Hey folks, hoping to get some advice from the hive mind. So, I finally finished migrating my team's agent runtime from a big proprietary vendor to OpenClaw, self-hosted on our own infra. The technical win feels great — we own the data flow, the logs, everything. 🎉

But now I'm facing the "fun" part: security compliance. Our old vendor had all the shiny third-party audit reports (SOC 2, pen test summaries) we could just hand to our clients. Now that we're the vendor, *we* have to provide that assurance. I've got a pile of security questionnaires from our enterprise clients, and I need to find auditors and pentesters myself.

I'm looking for recommendations, but also war stories. What should I be looking for in a firm that gets self-hosted, containerized environments like ours?
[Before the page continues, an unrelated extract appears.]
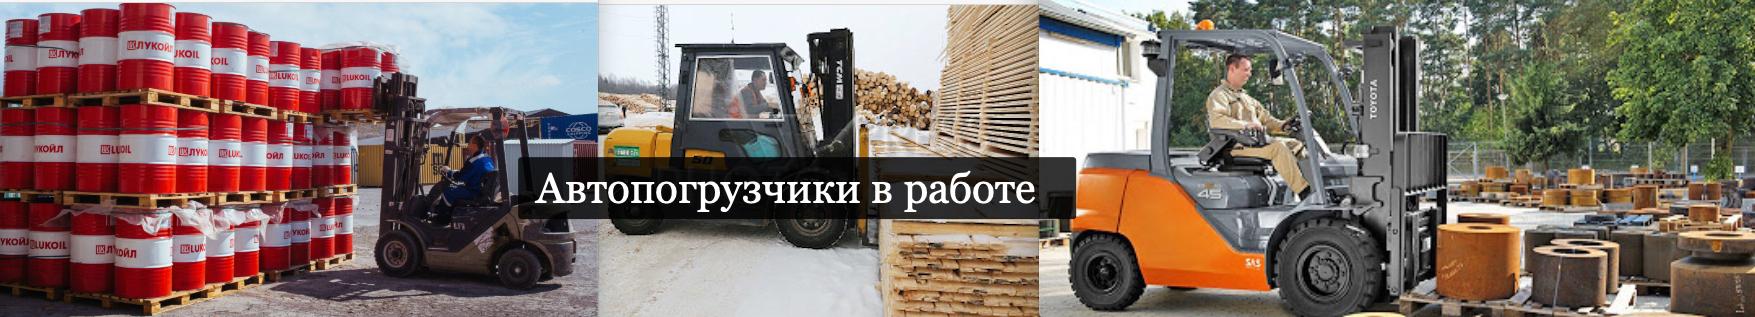 Автопгрузчики Хангча в работе в логистическом центре, на лесозаготовках, в трубопрокатных компаниях

I'm worried about getting a templated report that doesn't reflect our actual architecture (think: Tailscale mesh, Docker Compose stacks, air-gapped backups).

Some specific points I'm pondering:
* **Pentesting Cadence:** Annual feels standard, but is that enough when we're pushing our own updates monthly? Do you supplement with continuous vulnerability scanning (like Trivy/Grype in the pipeline)?
* **Report "Translation":** How do you handle questions about *their* incident response playbook when you're self-hosted? I'm writing a lot of "This is our responsibility, here is our documented process" instead of pointing to a vendor doc.
* **Finding the Right Auditor:** Should I prioritize smaller firms that might understand our stack better over the big names that procurement loves?

Any providers you've had good (or terrible) experiences with? Pitfalls to avoid when commissioning these reports? The goal is to be transparent and secure, not just check a box.